What’s Your “Type?”
We’re all guilty of it. We size people up while we’re waiting in a line, sitting at a table in a restaurant, or passing someone on the highway. We tend to lump people in buckets based on their appearance and our thirty seconds of judgment. We don’t mean to do this, but due to human nature or perhaps past experience, we fall into the trap we usually lay for ourselves to land in. And, until recently, marketing has tended to slant toward “the person who likes this brand may live in this type of neighborhood and drive this type of car” mentality.
The thing is, people and their interests are very complex, and certainly surprising at times, especially when we tend to sort people into boxes. I bet in getting to know people, you would have never guessed that the woman with perfectly manicured nails loves to wield a hammer on weekends or dig in the garden. Or that the guy with full-sleeve tattoos is also the development director of a nonprofit organization. Or the young guy in the Prius who recycles religiously also votes Republican.
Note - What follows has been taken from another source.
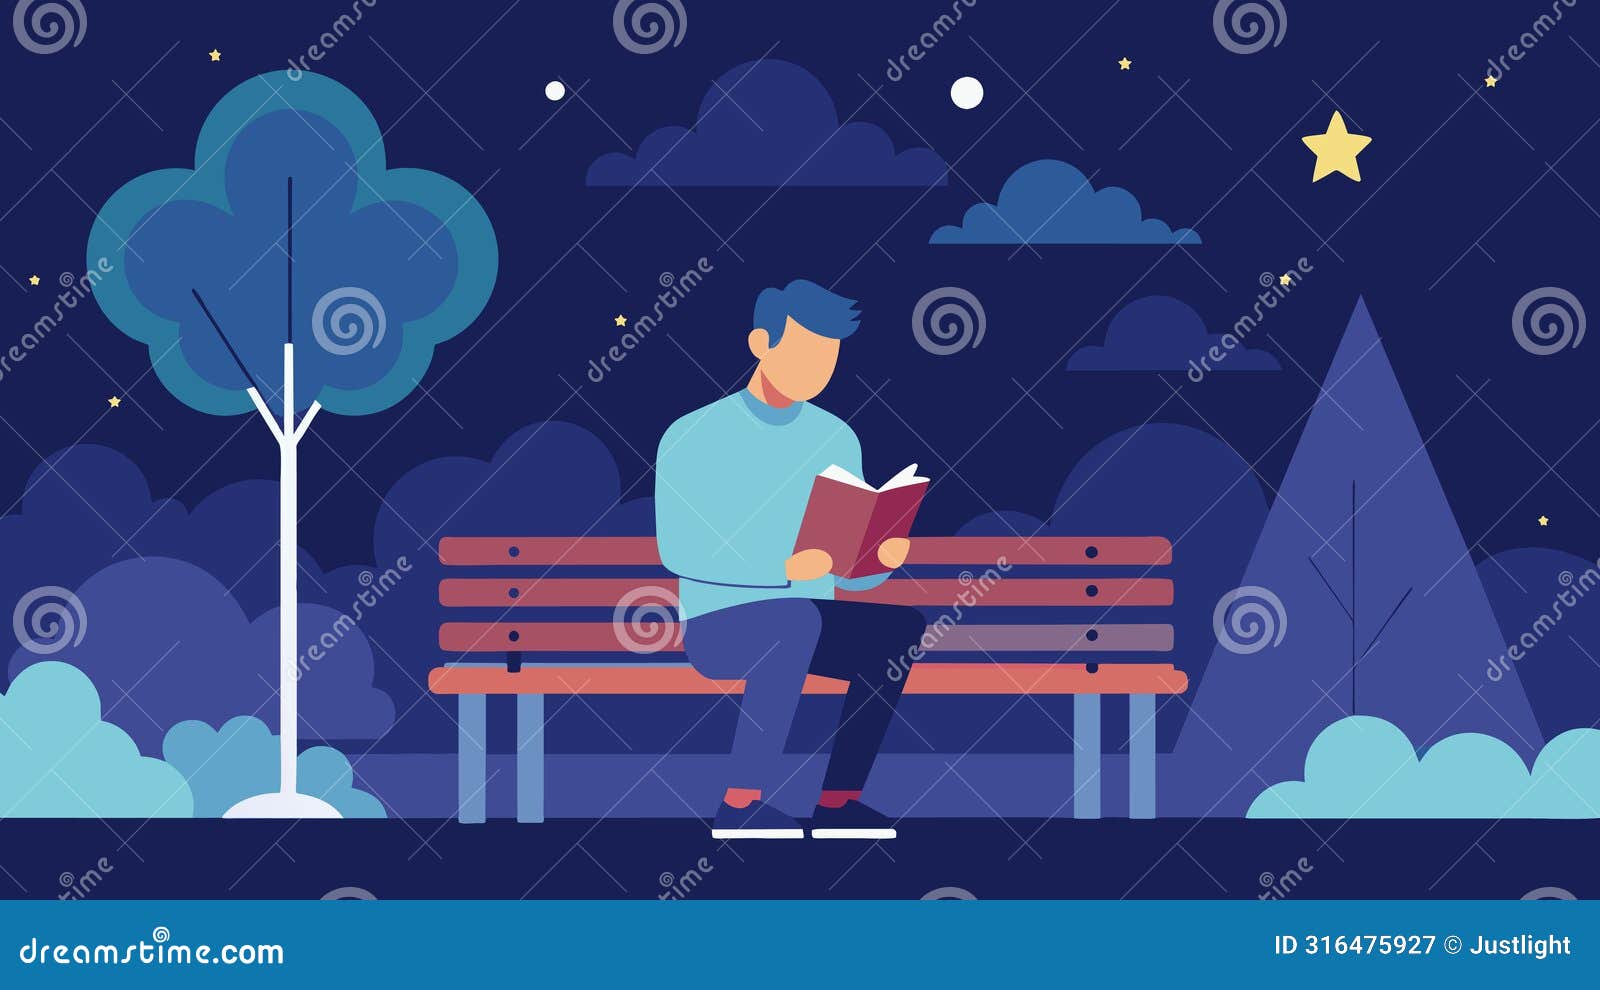 a simple yet poignant portrayal of a lone poet sitting on a park bench under a starry sky reading a poem that reflects

Marketers have caught on, and instead of always focusing on the “ideal”, or a stereotype, they’re showcasing a person’s real-ness, their “perfect imperfections”, so to speak, as well as their vast and varying interests. The brand that pioneered this approach of embracing real was Dove, with their Campaign for Real Women, launched in 2004. This new strategy really caught fire with Dove’s Real Beauty Sketches video in 2013, in which several women describe themselves to a forensic artist who cannot see his subjects. The same women are then described by strangers whom they met the previous day. The sketches are then compared, conjuring strong reactions when shown to the women who painted themselves in an unflattering light. The campaigns have won numerous awards, including a Top Campaign of the Century by Advertising Age.
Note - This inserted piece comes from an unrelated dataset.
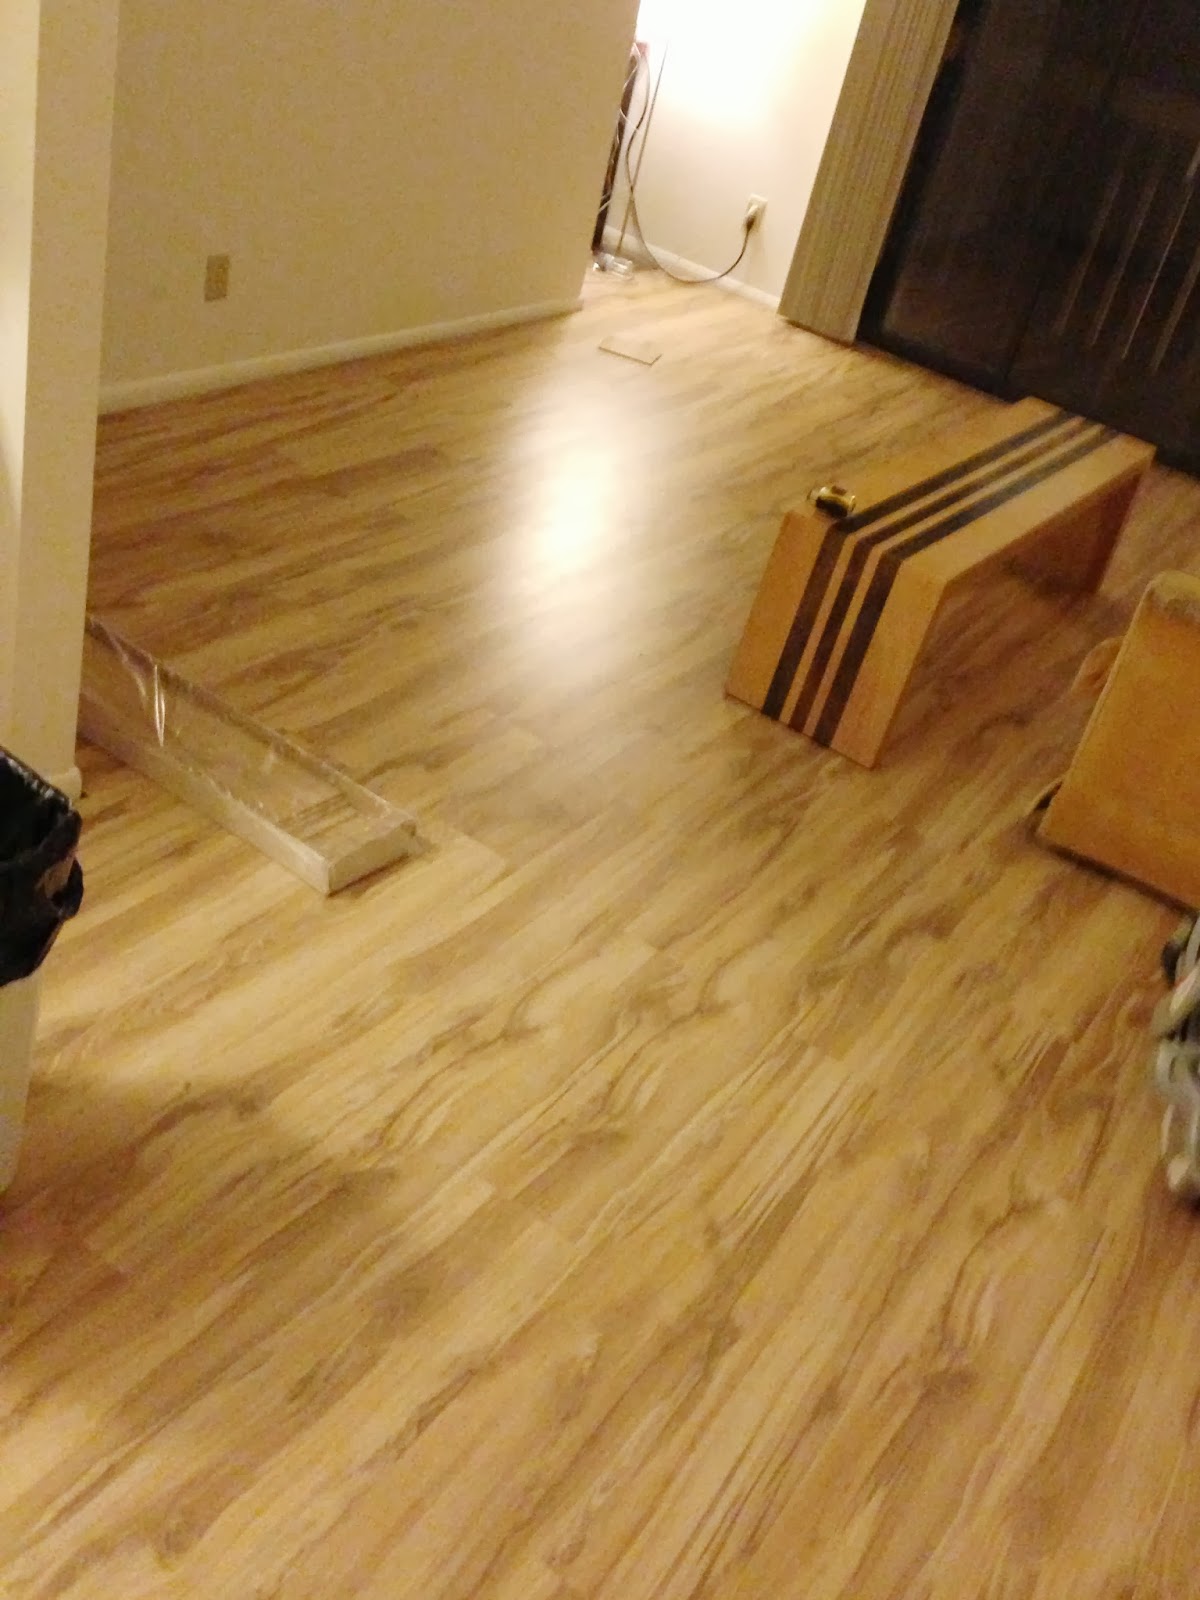 How We Put Hardwood Over Carpet Messymom, Can You Put Laminate Flooring Over Glued Down Carpet

Since then, several brands have followed suit, diving deeper into appearance, portraying women and men of varying ages and body types. Whether you love or hate the ads, whether you feel they’re empowering or enabling, at the very least, they get people talking and perhaps coming to a place of more acceptance for taking people as who they are, in all of their complexities. It conjures up that old saying about not judging a book by its cover.
Recently, in a conference call, a client shared the story of a woman who came in several years ago with a piece of costume jewelry she wanted to have repaired. Our client took it without hesitation and the woman was so very grateful, finally opening up to tell him that she had been to several jewelers in the area already who turned her down. She knew the piece wasn’t valuable in material, but to her, it was priceless because it had belonged to a newly deceased family member. The next day, the woman’s husband came in and thanked our client for repairing such a sentimental piece of jewelry for his wife. Since then, he has come in and made purchases to the tune of over half a million dollars. Instead of sizing up the woman and her jewelry and making a snap judgment on what she could afford in the future, this act of consideration really and truly did garner our client a customer for life.
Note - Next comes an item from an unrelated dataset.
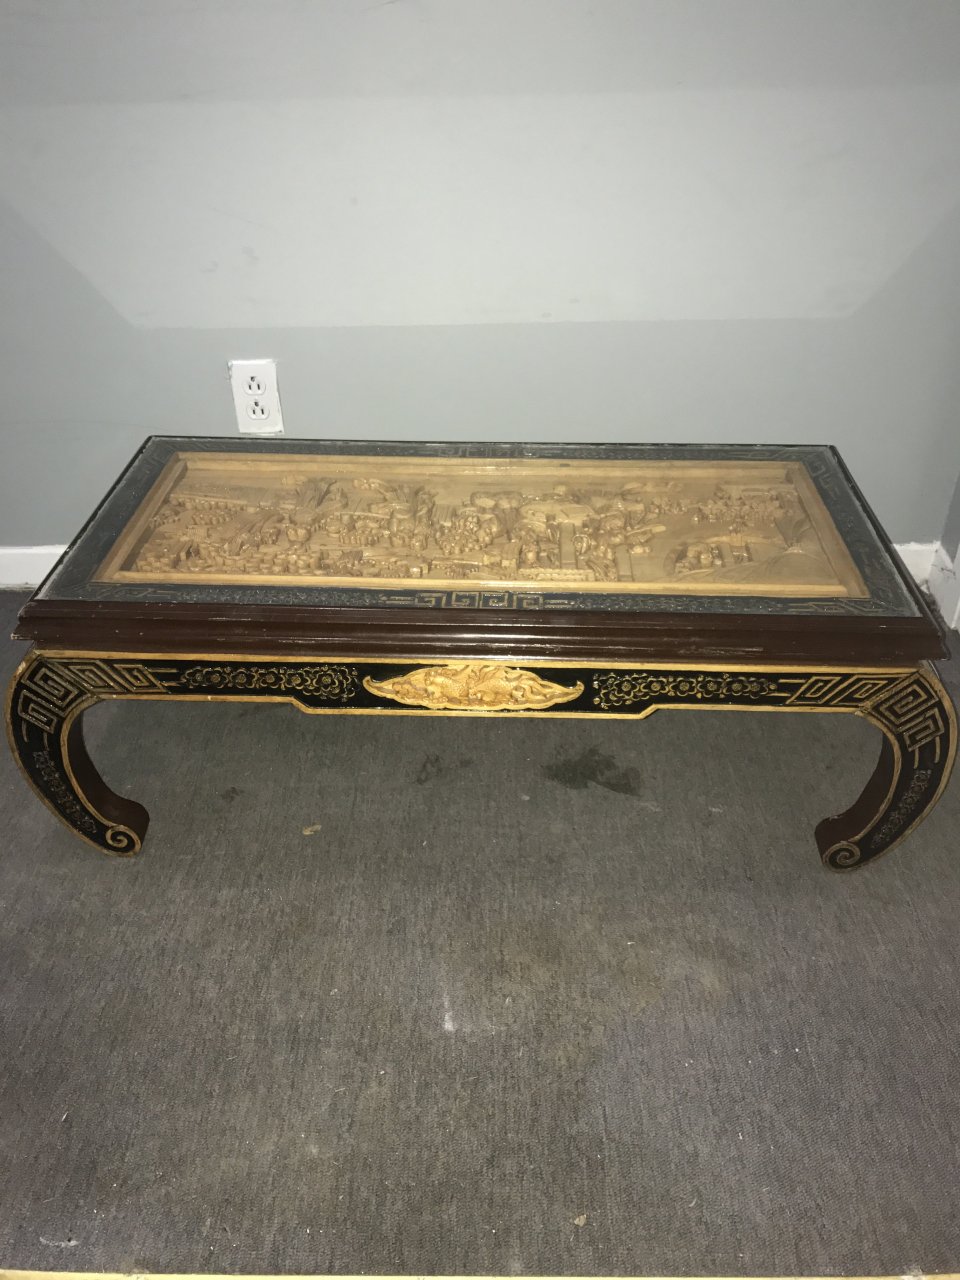 Antique Oriental Coffee Table | My Antique Furniture Collection

It’s a lesson we can all learn from. You may still be stuck with an outdated image of an ideal customer in your mind who belongs to a country club, drives a BMW, and lives in a sprawling manse in an upscale suburb. You may still be able to find that customer. But more and more, you’ll find that today’s customer can defy convention with their mermaid hair and yoga pants. But if they walked in your door, they still have the potential desire of wanting to connect with you. And maybe buy a Rolex instead of the watch battery you were anticipating. Will you turn them away? Perhaps it’s time to realize the ideal of the past has become a chameleon and people of all “types” can be worthy of your time and brand.